Evaluate disagreements

Need to go through each disagreement and make sure that the ground truth is correct. In the interest of accuracy/precision/recall, my human coding serves as ground truth to compare computer against. So, will look at all the disagreements and make sure that the human coding is right. This isn't perfect. The error where both incorrectly agree is still unaddressed, and would effectively require me to re-code all the articles (which I could do...). But, better than not checking.

Evaluate disagreements using the "View reliability name information" screen:

To start, enter the following in fields there:

  • Label: "prelim_month"
  • Coders to compare (1 through ==>): 2
  • Reliability names filter type: Select "Lookup"
  • [Lookup] - Reliability_Names tags (comma-delimited): Enter "TODO" (without the quotes).

Then click the "Submit Query" button.

You should see all the records with disagreements that still need to be evaluated (we remove "TODO" from records as we go to keep track of which we have evaluated). To start, the same 424 that had disagreements after removing single names should be assigned "TODO" tag.

Article assessment

First, need to make sure that the article in question is actually a news article. Some lists and columns are written with such a different style from traditional news articles that they really shouldn't be included in this study. Others might be OK to include.
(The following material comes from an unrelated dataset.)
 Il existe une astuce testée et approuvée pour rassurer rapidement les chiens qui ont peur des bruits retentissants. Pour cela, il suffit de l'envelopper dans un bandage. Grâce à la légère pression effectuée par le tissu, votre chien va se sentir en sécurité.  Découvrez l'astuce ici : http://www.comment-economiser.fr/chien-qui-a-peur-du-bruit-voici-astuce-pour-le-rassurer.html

For now, try to fix ground truth on them all, and I'll come back - probably will make the non-news Article_Data a separate label, then do the analysis on only prelim_month, then on the combination of news and crazy to see the difference.
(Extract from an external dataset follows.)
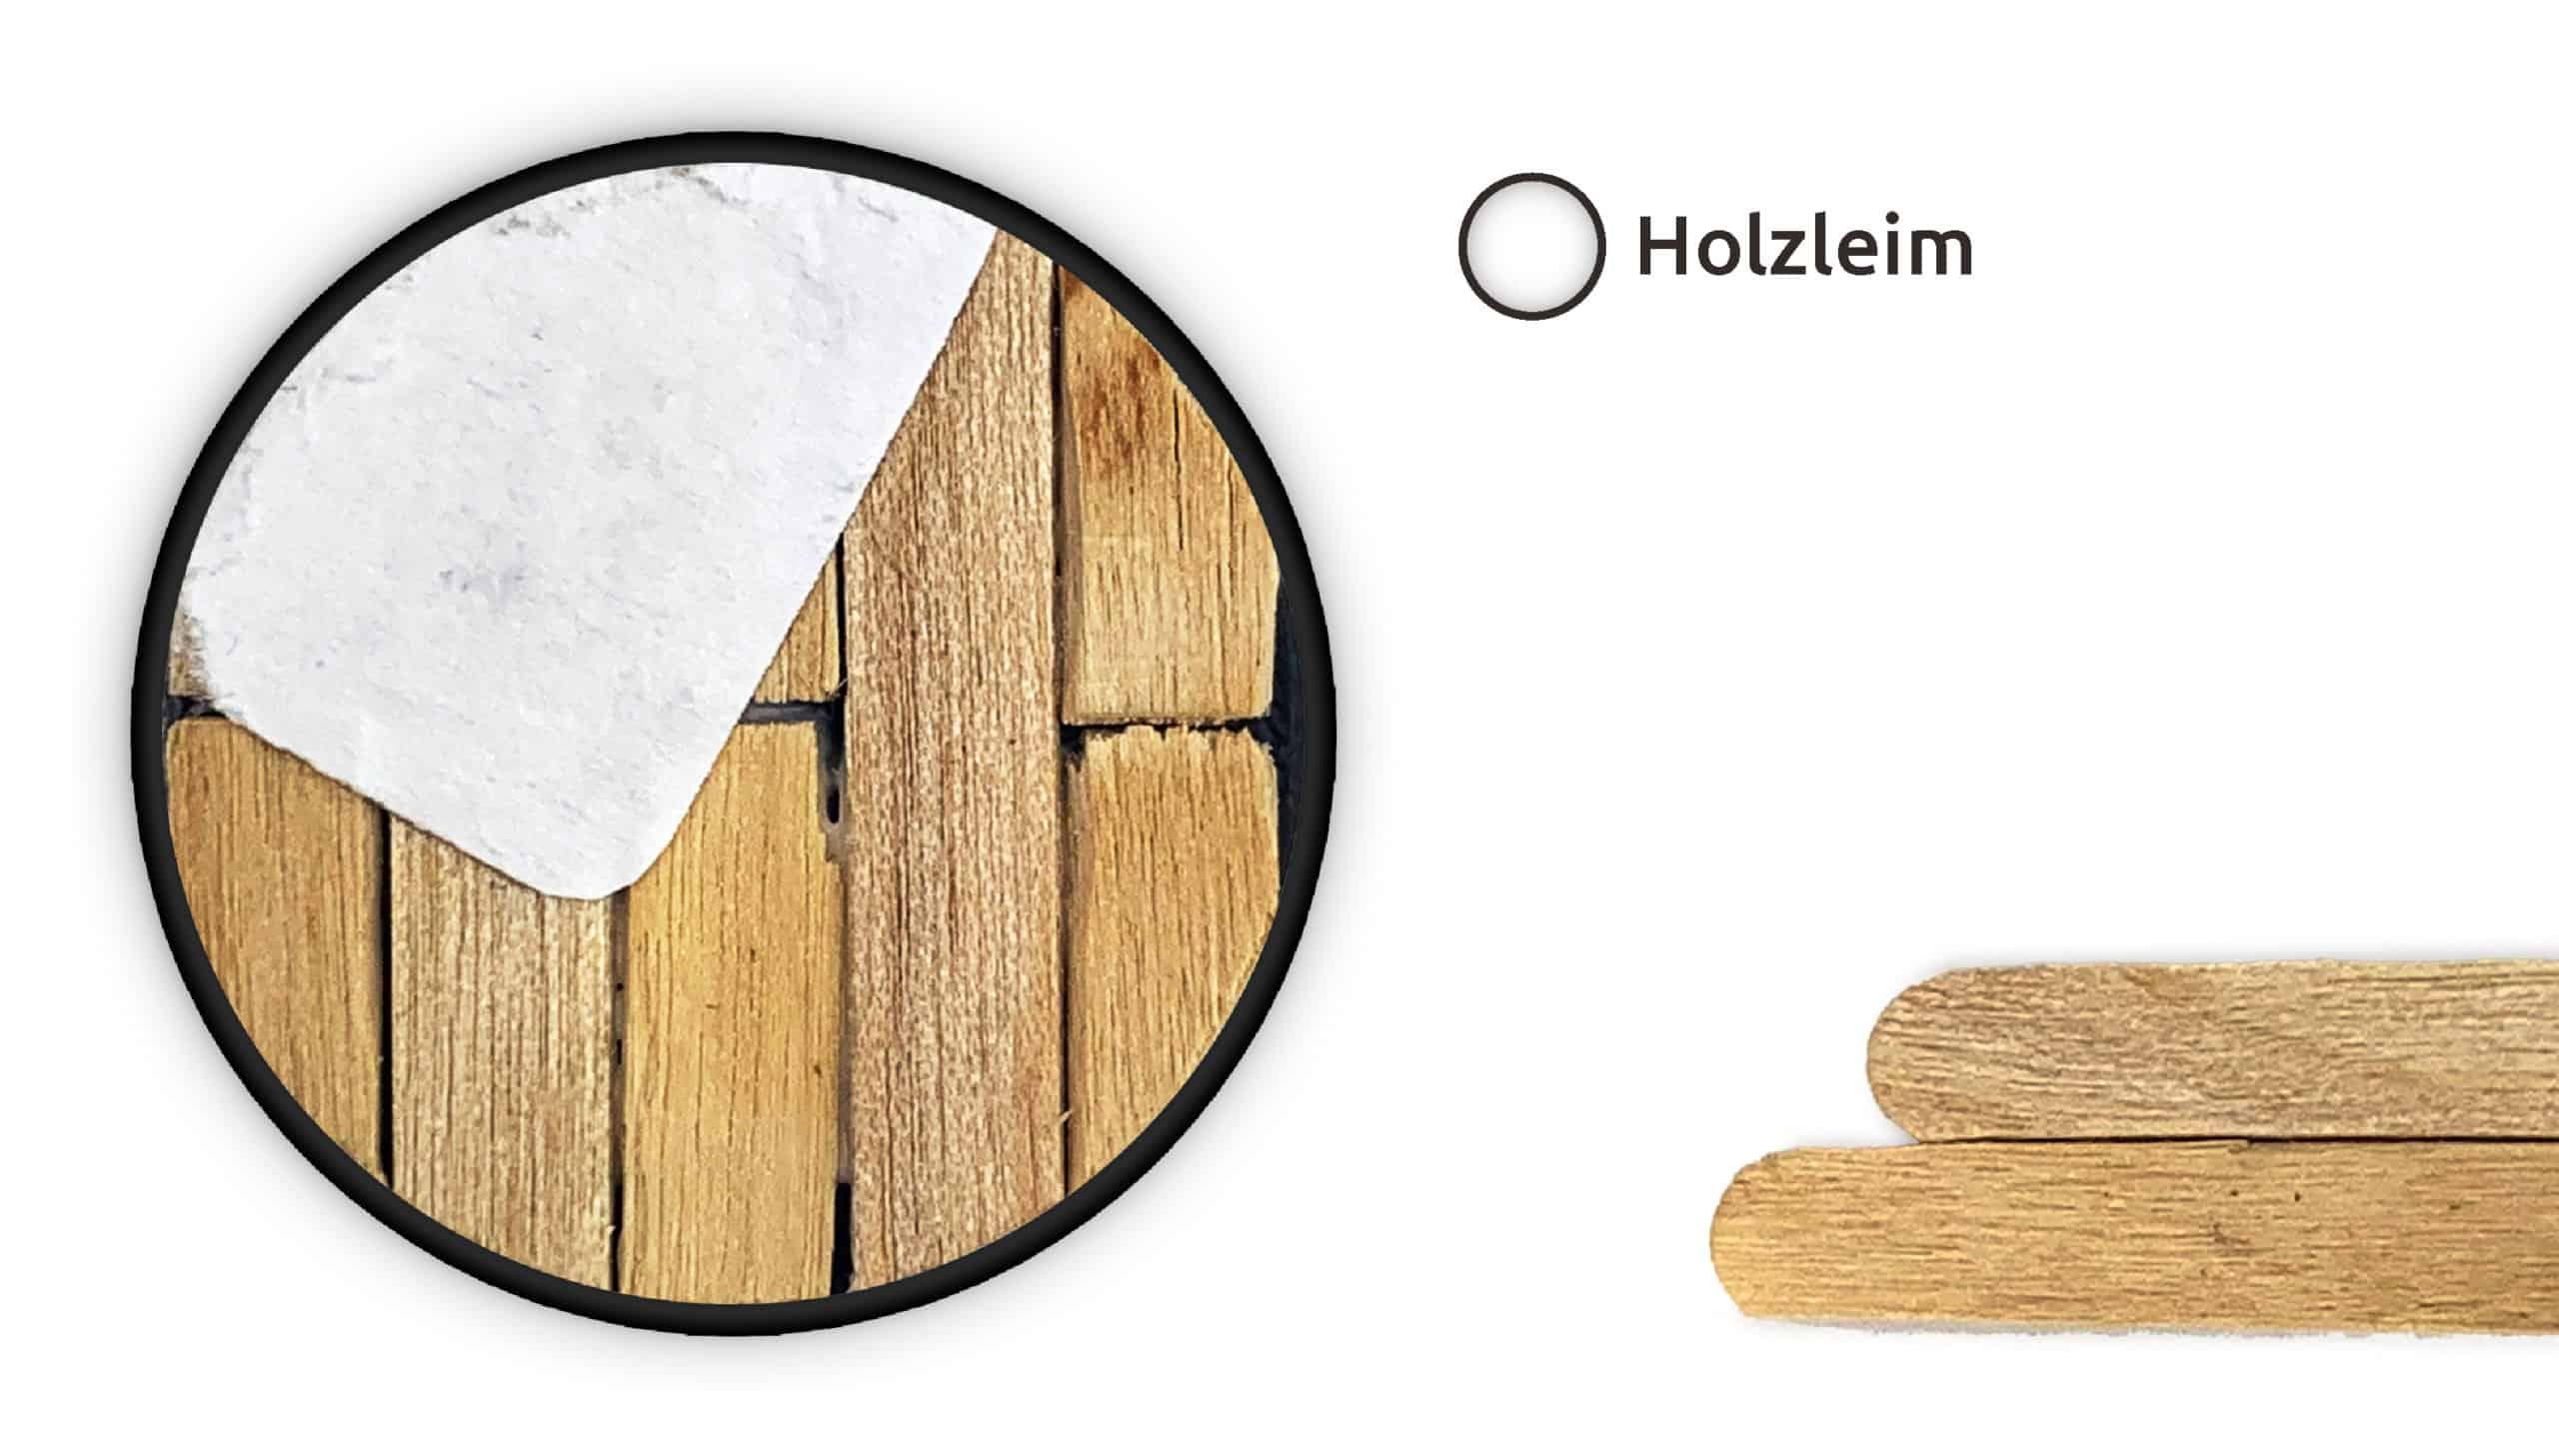 Eine mit Holzstäbchen bedeckte Base für Tabletop-Figuren.

Excluded articles (label "prelim_month_exclude"):

  • 22869 - Dec 20, 2009, Lakeshore ( N4 ), UID: 12CBF3D33570A618 - Faces in the crowd - Lakeshore sports provides fascinating stories ( Grand Rapids Press, The )

In [ ]:
article_id = 22869
new_label = "prelim_month_exclude"
#update_reliability_names_label_for_article( article_id, new_label )
print( "==> Updated labels for article " + str( article_id ) + " to " + str( new_label ) + " at " + str( datetime.datetime.now() ) )

Disagreement evaluation

Need to look at each instance where there is a disagreement and make sure the human coding is correct.

Most are probably instances where the computer screwed up, but since we are calling this human coding "ground truth", want to winnow out as much human error as possible.

For each disagreement, to check for coder error (like just capturing a name part for a person whose full name was in the story), click the "Article ID" in the column that has a link to article ID. It will take you to a view of the article where all the people who coded the article are included, with each detection of a mention or quotation displayed next to the paragraph where the person was originally first detected.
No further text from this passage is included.